# [ACTION ITEM]
Reproduce, please, the line that holds "Spain 1999 España" and all later lines through the end of the entries below, exactly; omit pictures.

# [DATA SUPPLIED]
☆ ☆ ☆ ☆ ☆
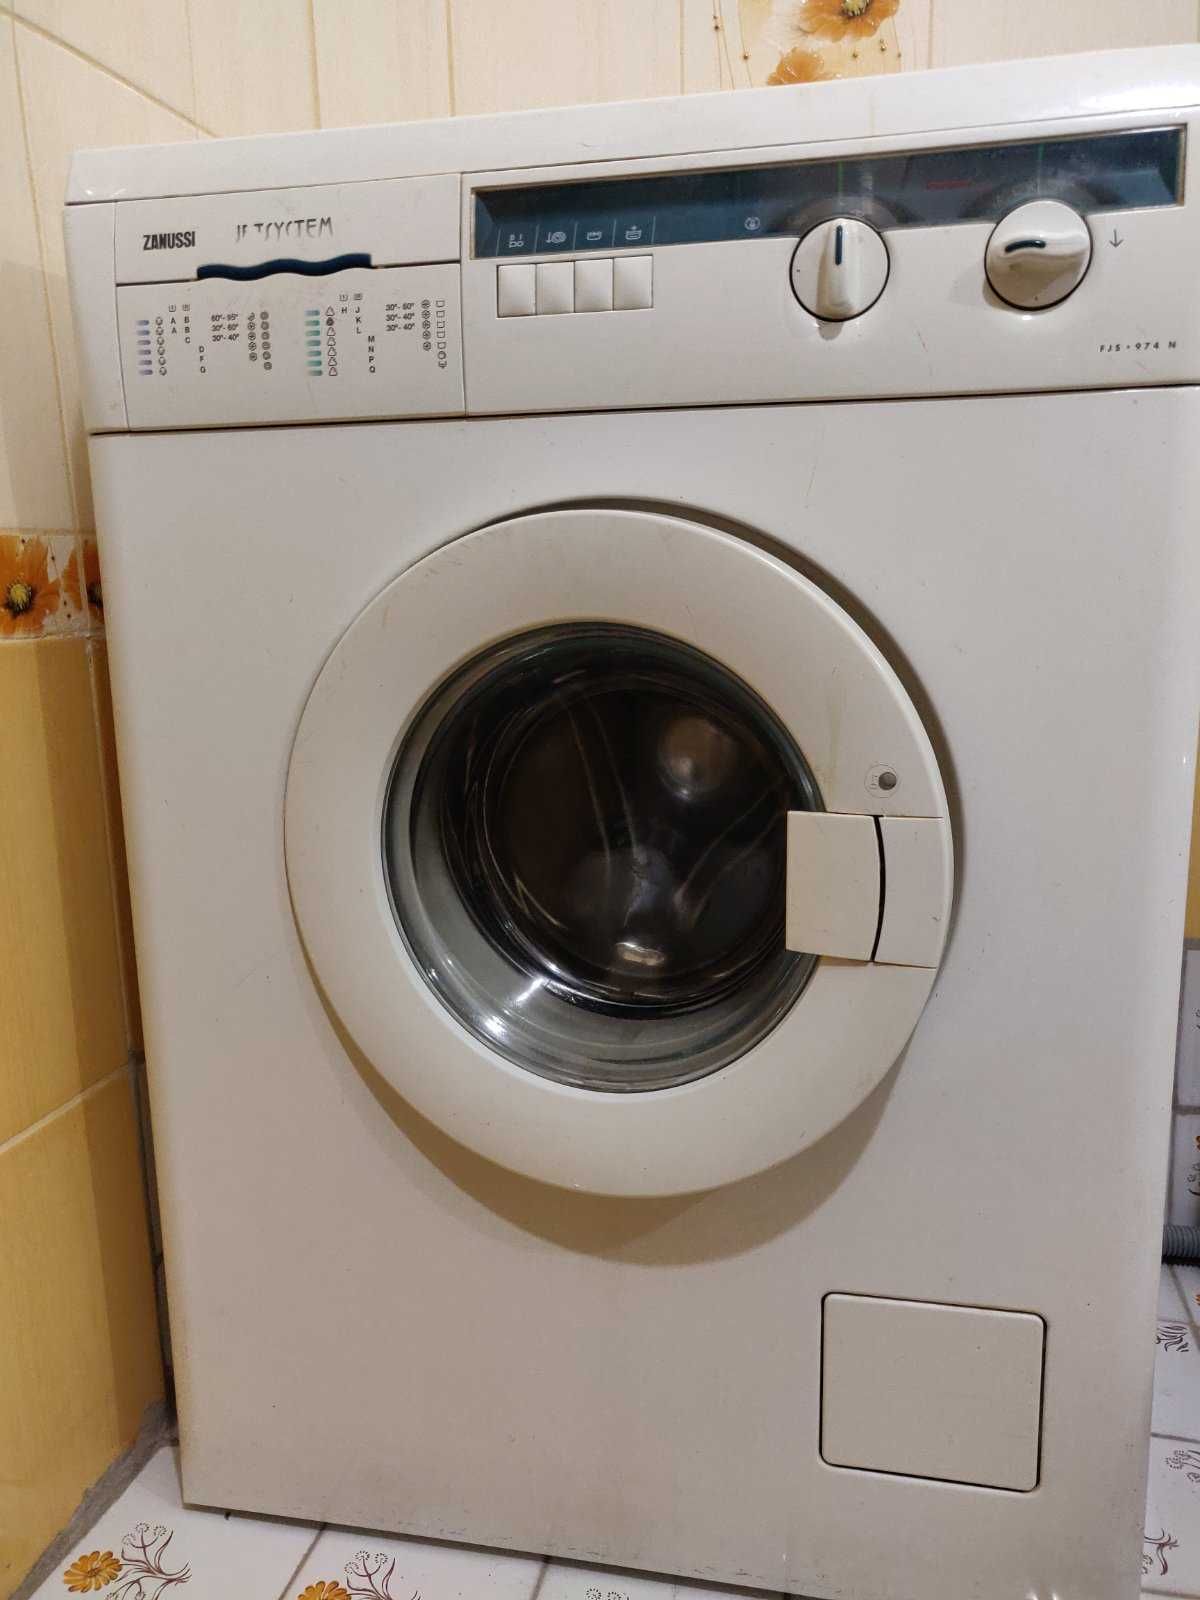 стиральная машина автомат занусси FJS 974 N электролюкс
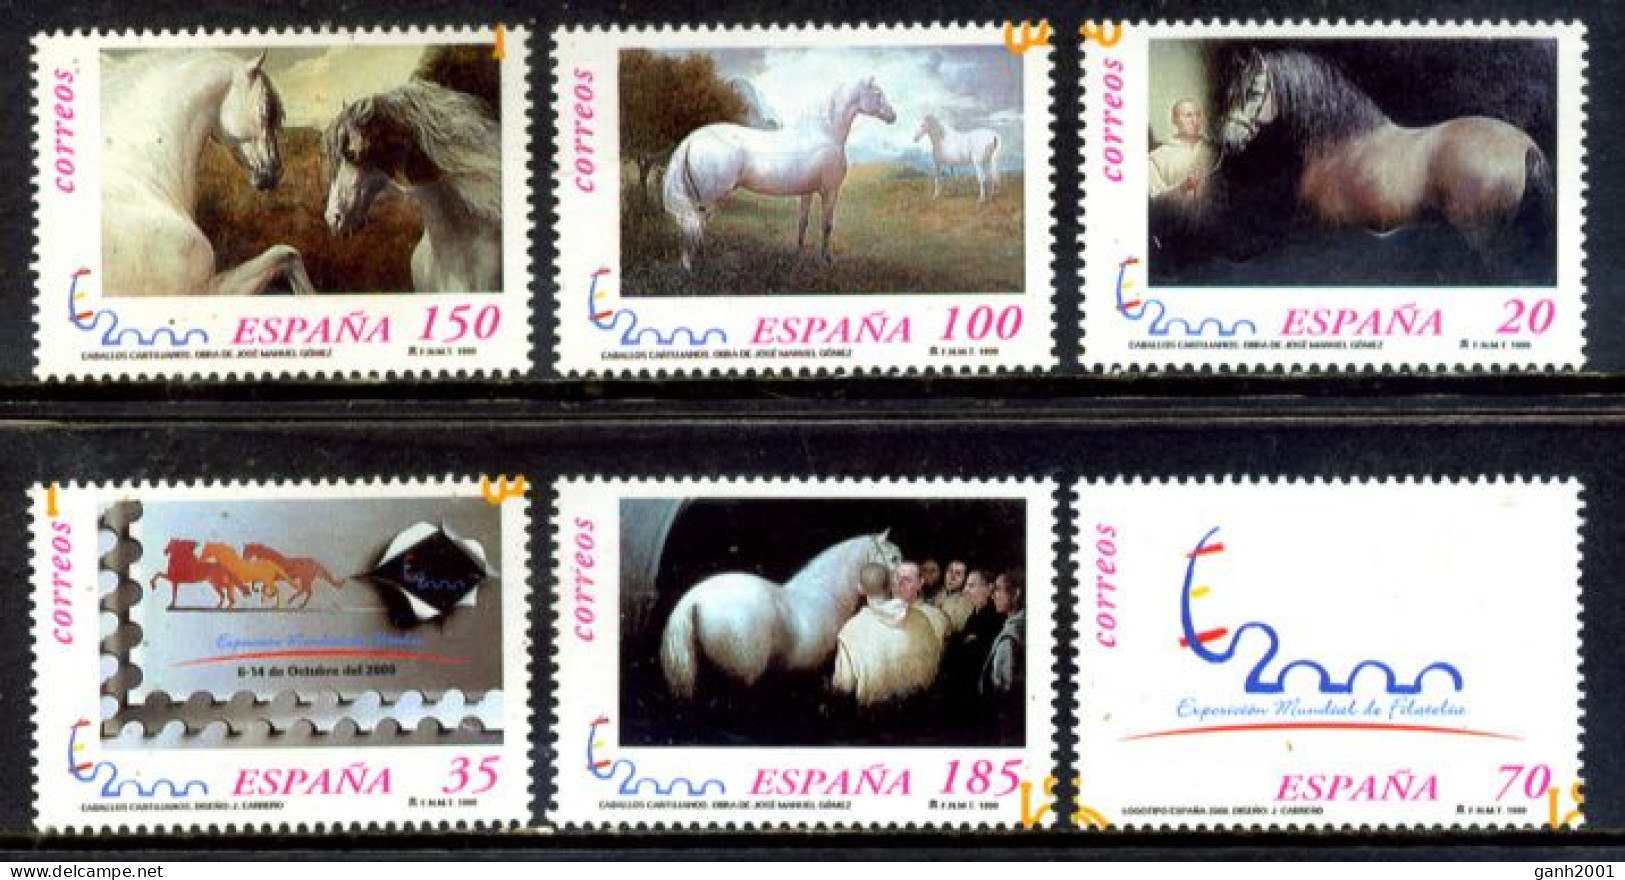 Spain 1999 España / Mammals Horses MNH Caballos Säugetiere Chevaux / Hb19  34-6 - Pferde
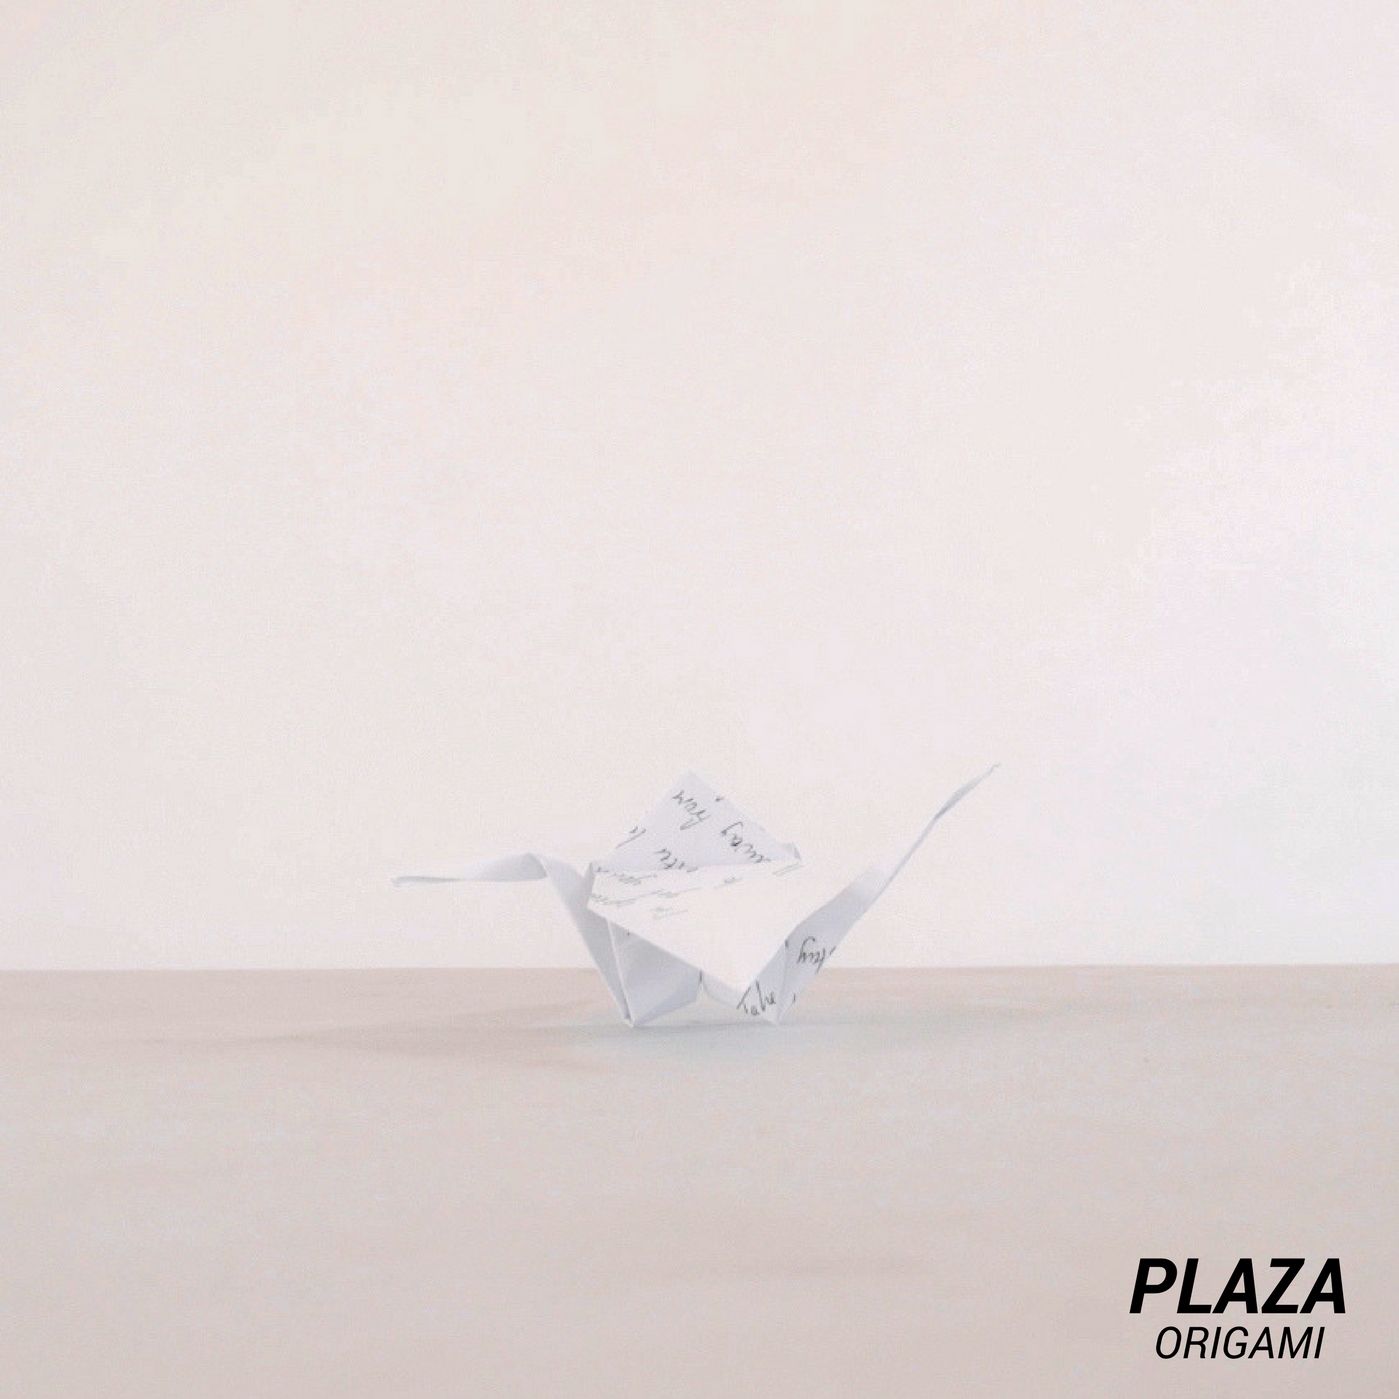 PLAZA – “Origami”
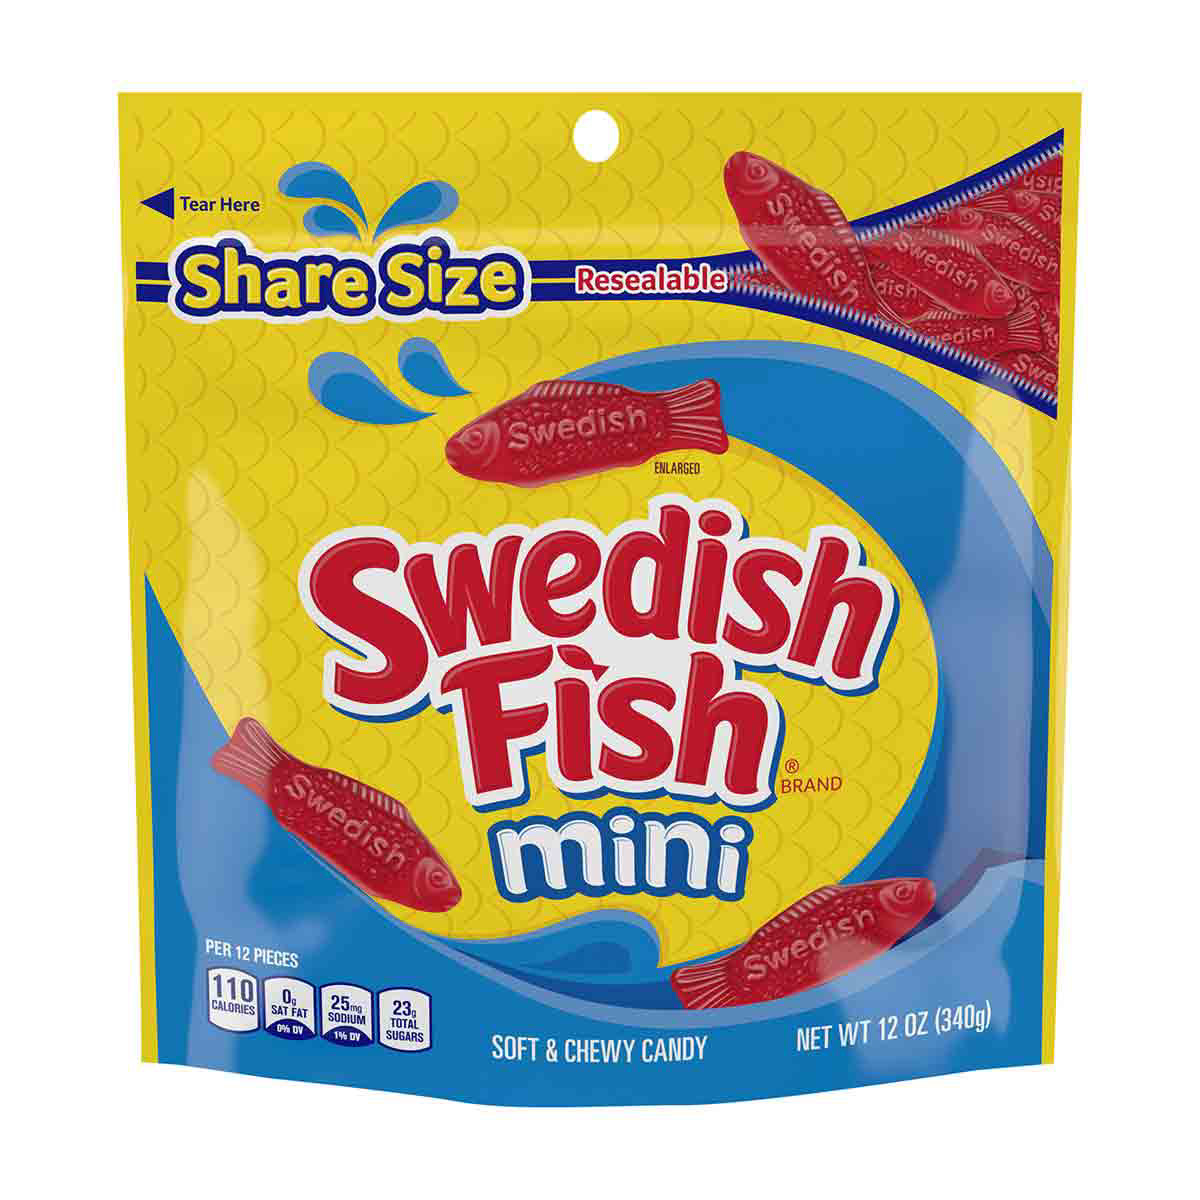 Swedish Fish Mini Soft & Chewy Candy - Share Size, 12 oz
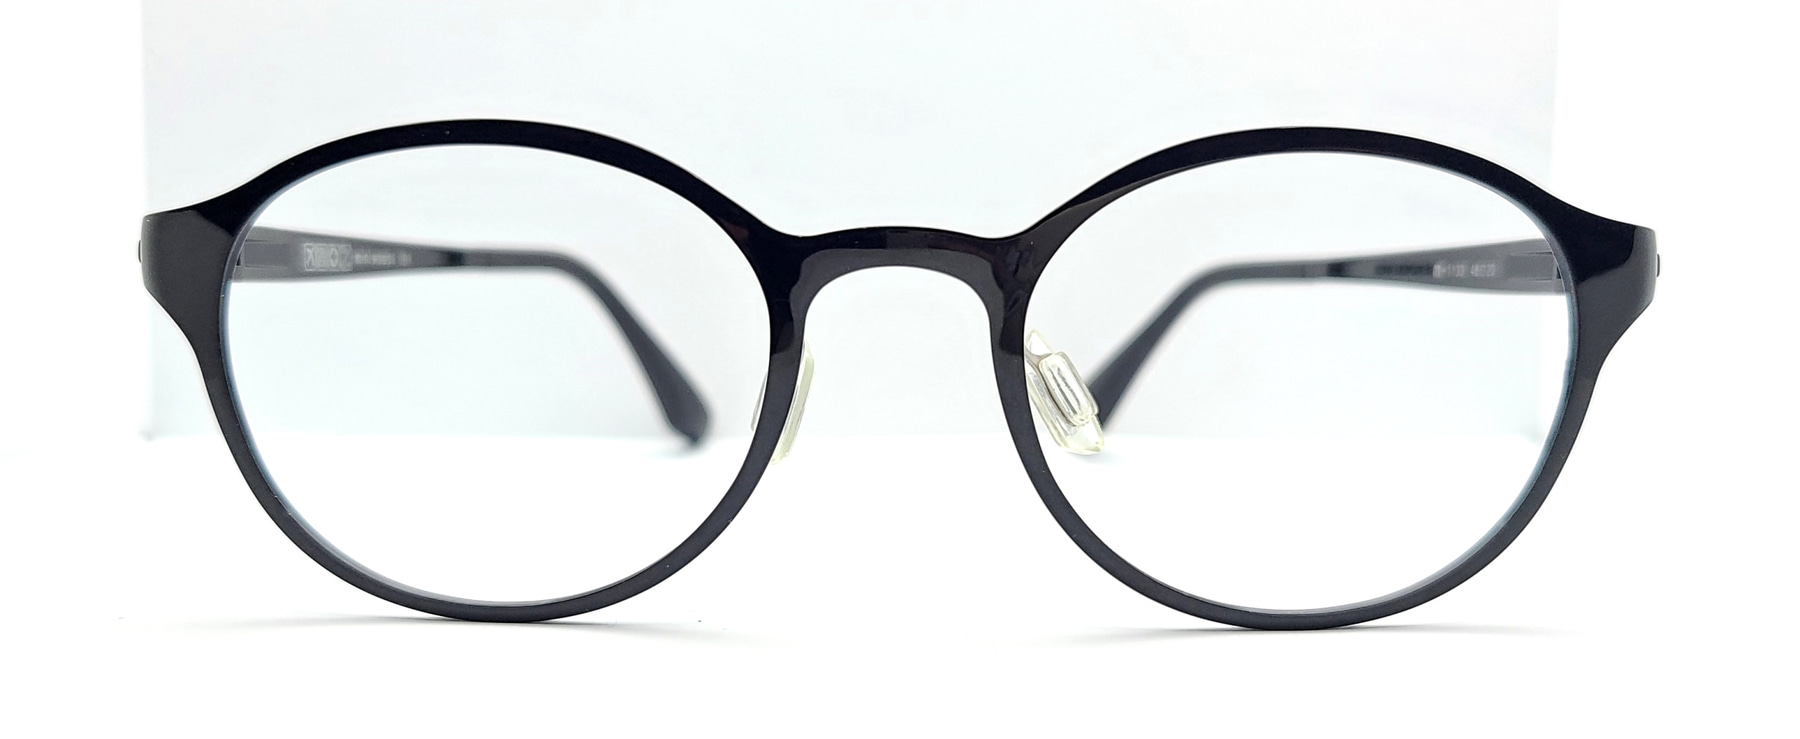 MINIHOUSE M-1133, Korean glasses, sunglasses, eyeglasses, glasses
☆ ☆ ☆ ☆ ☆
# [RESULT]
 Spain 1999 España / Mammals Horses MNH Caballos Säugetiere Chevaux / Hb19  34-6 - Pferde
 PLAZA – “Origami”
 Swedish Fish Mini Soft & Chewy Candy - Share Size, 12 oz
 MINIHOUSE M-1133, Korean glasses, sunglasses, eyeglasses, glasses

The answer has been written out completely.